Обещаю тебе, добрый друг, исправиться. Не буду так часто тревожить себя укоризнами, как я это делал прежде: буду пользоваться настоящим, а прошлое предоставлю прошедшему. Ты прав: люди были бы менее несчастливы, если б – и зачем они так созданы! – не насиловали своих мрачных мыслей о прошедшем, а лучше были бы менее равнодушны к настоящему.
Будь так добр, скажи матушке, что делом ее займусь как следует и что скоро отдам в нем отчёт. Я говорил с тёткой и вовсе не нашел в ней той злой бабы, какою она слывёт у нас. Она просто живая, вспыльчивая, но добрая женщина. Я объяснил ей сетования матушки за невыделенную часть наследства; она изложила мне свои основания, причины и условия на раздел, даже более для нас выгодный; словом, прошу сказать, что всё будет улажено. И на этом, дружок, небольшом деле убедился я, что вся путаница на белом свете происходит не столько от злобы и коварства, сколько от недоразумений и беспечности; первые встречаются, по крайней мере, гораздо реже.
Вообще, мне здесь очень хорошо. Уединение в этой чудной стороне – драгоценный бальзам для меня, и весна, в весну жизни, согревает всею своей полнотой моё запуганное сердце, Каждый куст, каждое деревцо в цвету – и тонуть бы мне, как тонет майский жук в море благоуханий, и питаться бы мне только ими!
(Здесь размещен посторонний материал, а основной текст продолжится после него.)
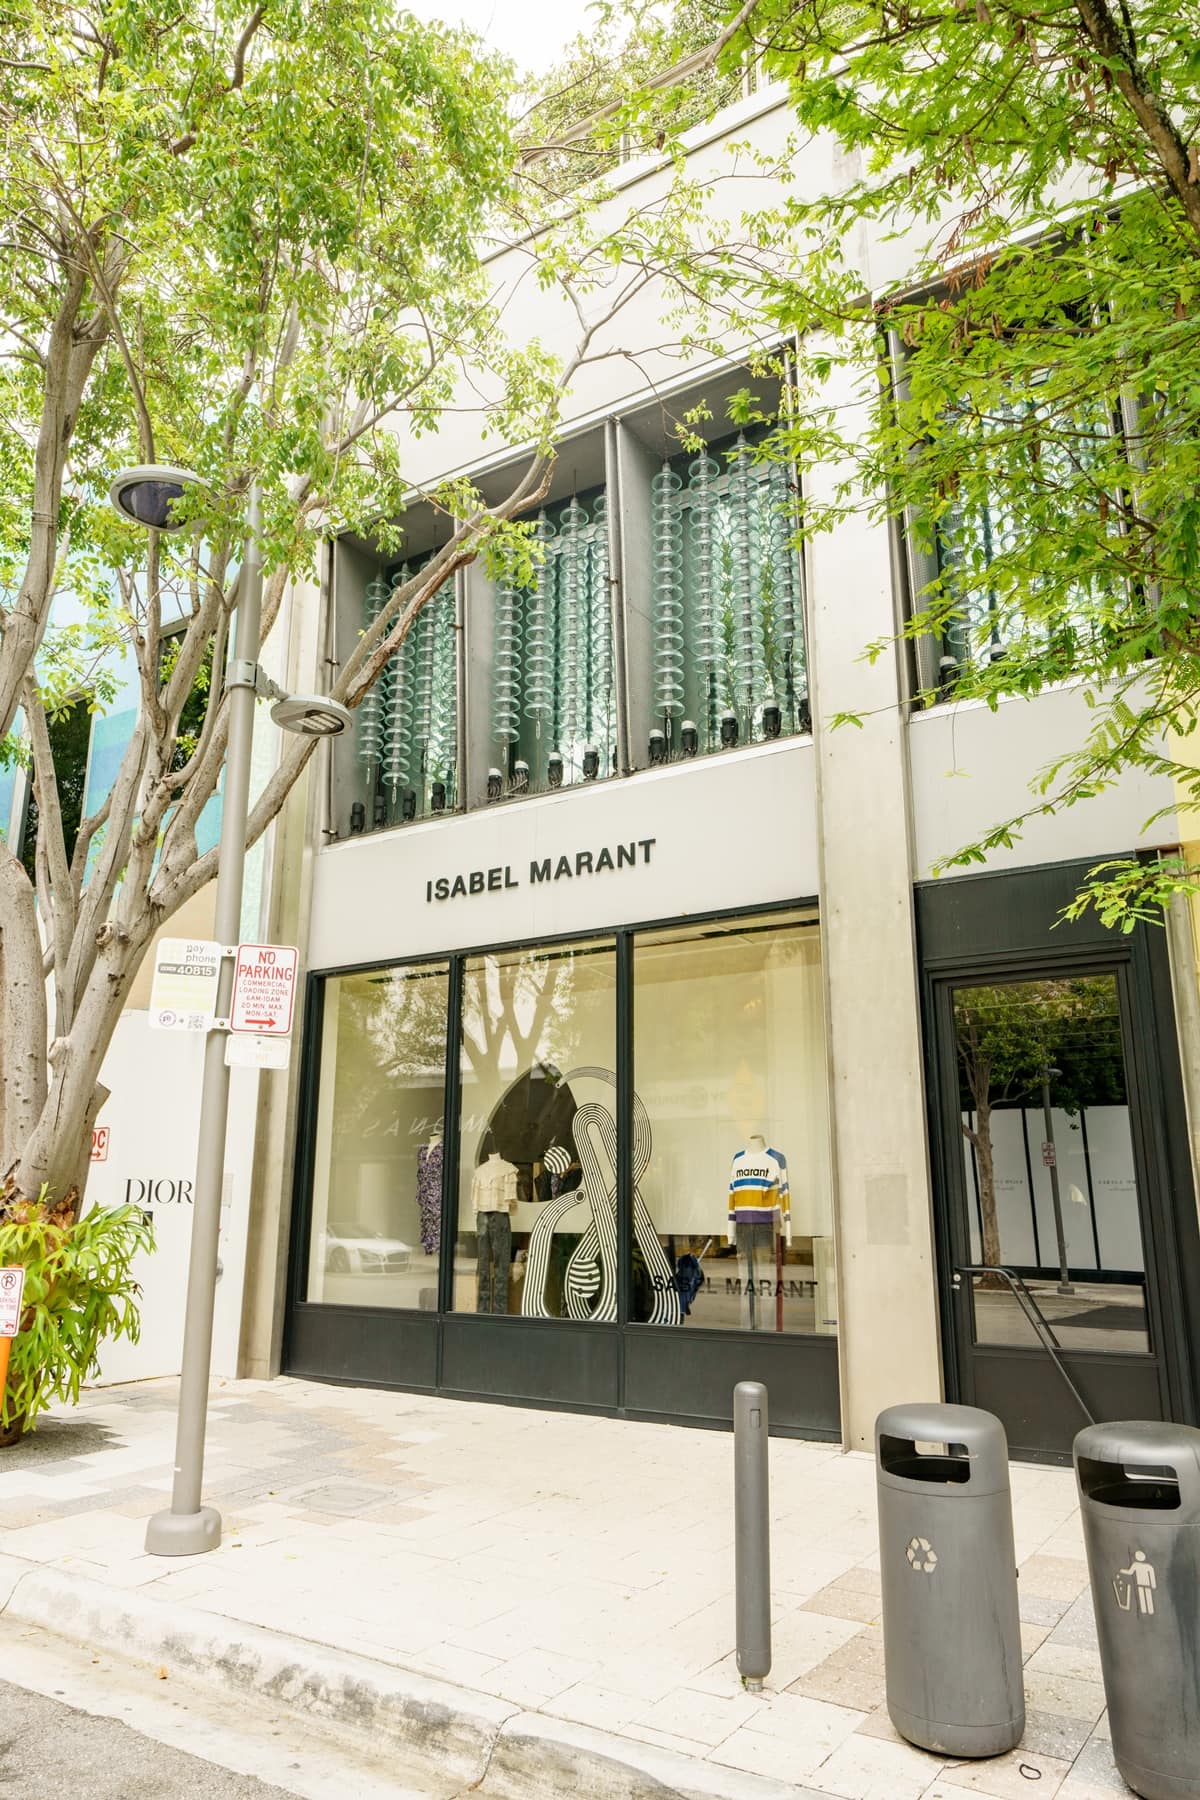 Isabel Marant has stores all over the world, including a boutique in the Miami Design District, a neighborhood in Miami, Florida

Самый город неприятен, но его окрестности очаровательны. Это побудило покойного графа М* разбить сад на одном из холмов, разнообразно волнующих местность в виду прелестнейших долин. Садик прост, и при входе в него чувствуешь тотчас, что не искусство садовника, а любящее сердце набросало его план. В полуразвалившейся беседке, бывшей любимым местом умершего и ставшей теперь моим уголком, пролил я не одну слезу в его память. Скоро сделаюсь хозяином сада. Садовник мне предан – и вот уже несколько дней к моим услугам. Не ошибётся и он во мне!
Чудная весёлость овладела моим сердцем. Её могу сравнить только с майским утром, которым наслаждаюсь теперь. Я одинок и счастлив моим одиночеством в этих местах, как будто нарочно созданных для таких душ, как моя. Я так счастлив, мой друг, так весь погружен в чувство спокойного бытия, что искусство моё от этого страждет. Не могу рисовать, не могу взять карандаша в руки, а между тем никогда не был таким живописцем, как теперь.
Когда над благоуханной долиной стелется нар, над непроницаемой мглой соседнего леса горит солнце и только украдкой иной луч прорывается сквозь чащу, святыню его, а я под голубым сводом, погруженный в высокую траву, дышу прохладой студёного ручья, и вокруг меня копошится в разнообразии несметных трав несметный рой разнообразнейших насекомых и мошек, и весь этот бесчисленный хор чудных явлений снуется, теснится к моему сердцу – о, тогда невольно сознаёшь присутствие Того, по подобию которого мы созданы! чувствуешь дыхание Его божественной любви! Она парит в вечной радости, поддерживает, питает нас!
Друг мой, в такие минуты глаза мои смыкаются и небо с окружающим его миром, как образ той любви, отражается на глубине моей души. Тогда я стремлюсь и думаю: если б ты мне вдохнуть в полотно, что так согревает, что во всей своей полноте живёт в тебе, чтоб оно было зеркалом твоей души, как она – зеркало бесконечного. В такие минуты, друг, я изнемогаю перед величием окружающих меня явлений!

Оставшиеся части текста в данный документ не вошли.